I’ve got 7 basic tips to break down time management.

  1. Know your goals

  2. Prioritize your goals

  3. Plan ahead

  4. Eliminate distractions

  5. Delegate more

  6. Watch what you spend

  7. Self-care

Listen Now

Time management and productivity is a highly requested topic. and go over how to manage your time most effectively so you can get important things done. (Not just more things done. More important things done. Prioritization is key. What is it that you actually need to do?

You might have heard the sayings “work smarter, not harder” or “the early bird catches the worm” or “eat the frog.”  All of these saying have to do with productivity. I want to break these sayings down into their take home messages. The saying “work harder, not smarter” really means understanding your priorities and scheduling your time accordingly. This is usually well received advice.

That being said, I usually get some pushback when I talk about the saying “the early bird catches the worm.” A lot of people think they’re night owls and are just as productive, if not more productive, in the evening than in the morning. There’s a small population where that’s true. Some people really do function better in the evening. But those people are the exception to the rule. The rule of thumb is to wake up early and “eat the frog.”

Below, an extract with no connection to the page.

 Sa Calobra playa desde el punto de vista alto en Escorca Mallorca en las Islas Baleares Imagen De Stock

In other words, do the most difficult, most draining task first. When you do this, it really helps you tackle the day and get through your to-do list. You want to do your most energy creative work first. Some people like working out first thing in the morning. I like doing my hardest thing - the thing that takes the most energy. For example, if you’re writing a book (which is great for passive income) you want to carve out time and do that first. Or say you’re really struggling with tech (because let’s face it: sometimes tech is tough for your business), you’ll want to do that first. For me, content creation takes a lot of energy, so it makes a lot more since for me to come up with ideas early in the morning. When I say content, I don’t just mean posts. I mean podcast ideas, captions, strategies, framework for my business, course creation, etc. Everything that has to do with my business and content, I’m going to get it done as early as possible.

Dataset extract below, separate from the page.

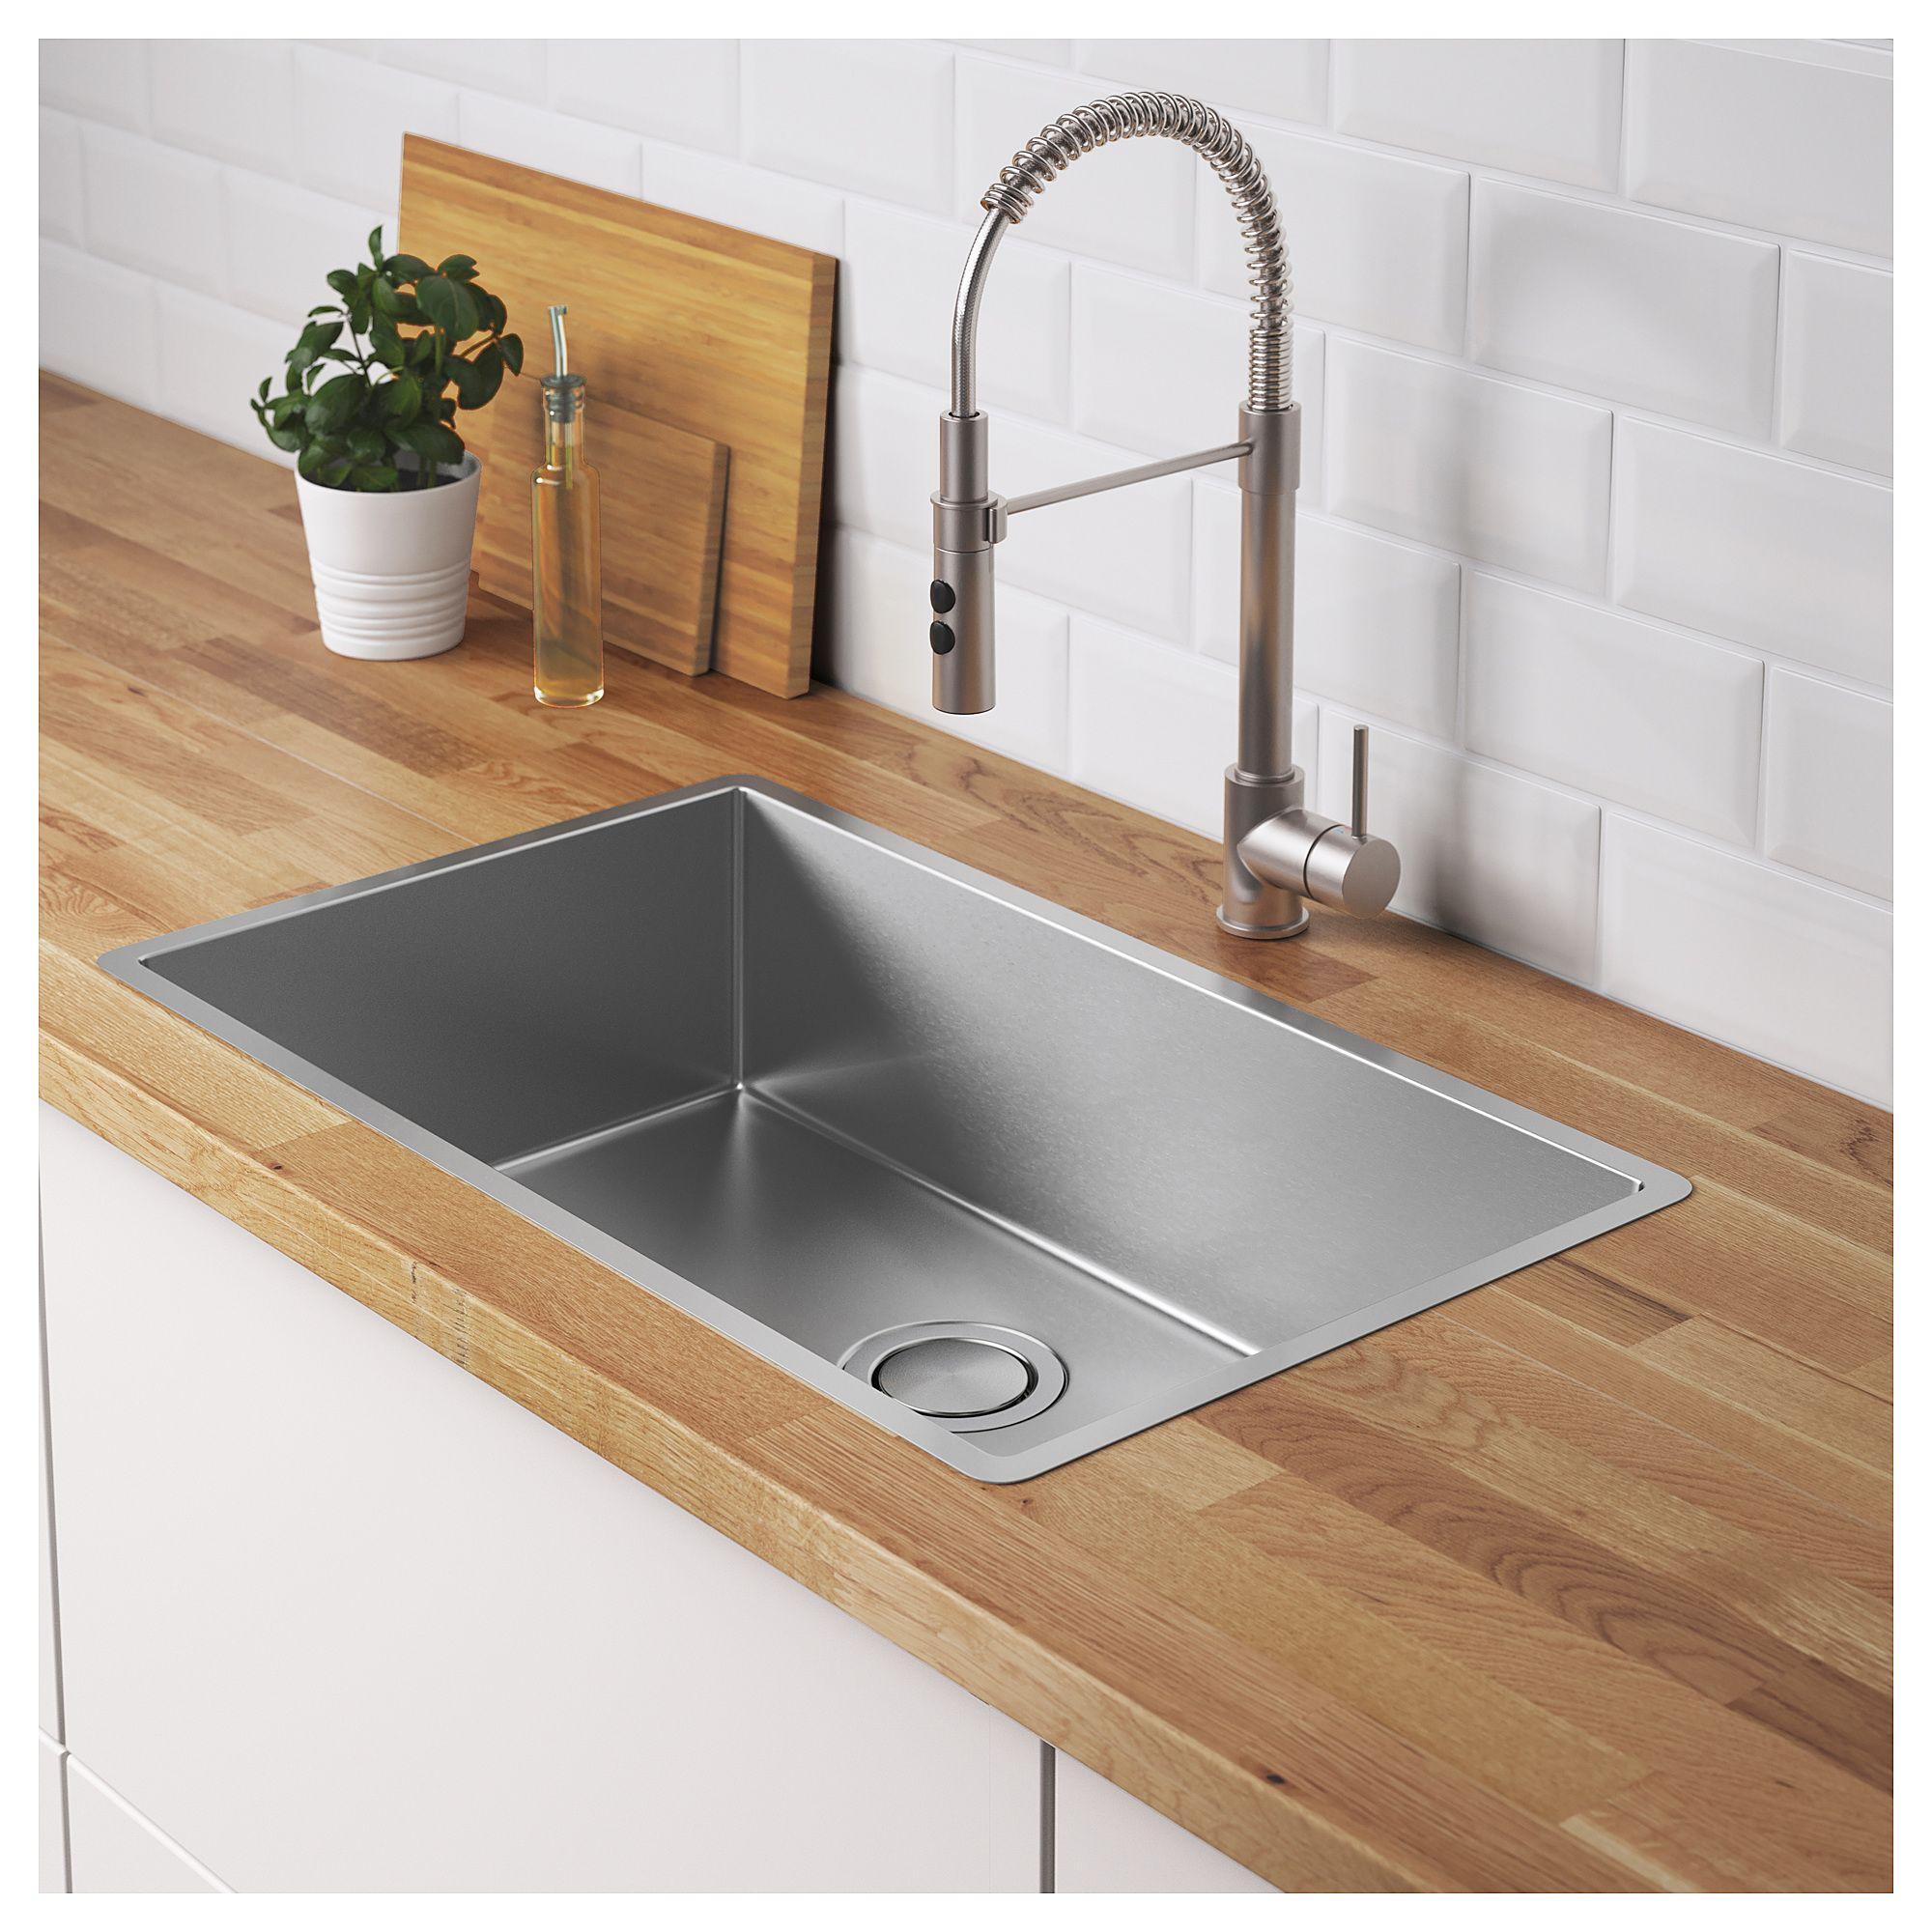 Norrsjon Sink Stainless Steel Sink Inset Sink Ikea Kitchen Sink

I’ve got 7 basic tips to break down time management.

Know your goals.

I’ve already alluded to this when I talked about the priority matrix. That’s when you take your task list and break it down and determine what is urgent, what is important, what has high importance, and what has low importance. You want to prioritize tasks that are both high urgency and highly important. For example, that might be movement in the morning. Next on that list will be tasks that are high priority and high urgency. This might be creating content. And as you move down in the matrix, you’ll find tasks that have low importance and high urgency. (For me, this is emails.) Next, you’ll have low importance and low urgency. These are the tasks that you aren’t going to do. That’s where a lot of us get caught up and think we have to do everything. This could be anything from chores, creating graphic design, outsourcing something in your business, etc. If you can conceptualize your day, week, or quarter, that’s really going to help you manage your time, streamline your business, and create revenue.

Ask yourself: What do I need to do right now? This depends on your day and your week. For example, it could be recording a podcast. I’m airing this on Monday and today is Sunday. I’m doing this because you told me you wanted this and I want to give my audience what they want. Because of this, me recording this podcast would move up on the priority matrix. Of course I have planned content, but I want to answer your questions. If you tell me you want something, it’s up to me as a business owner to deliver that.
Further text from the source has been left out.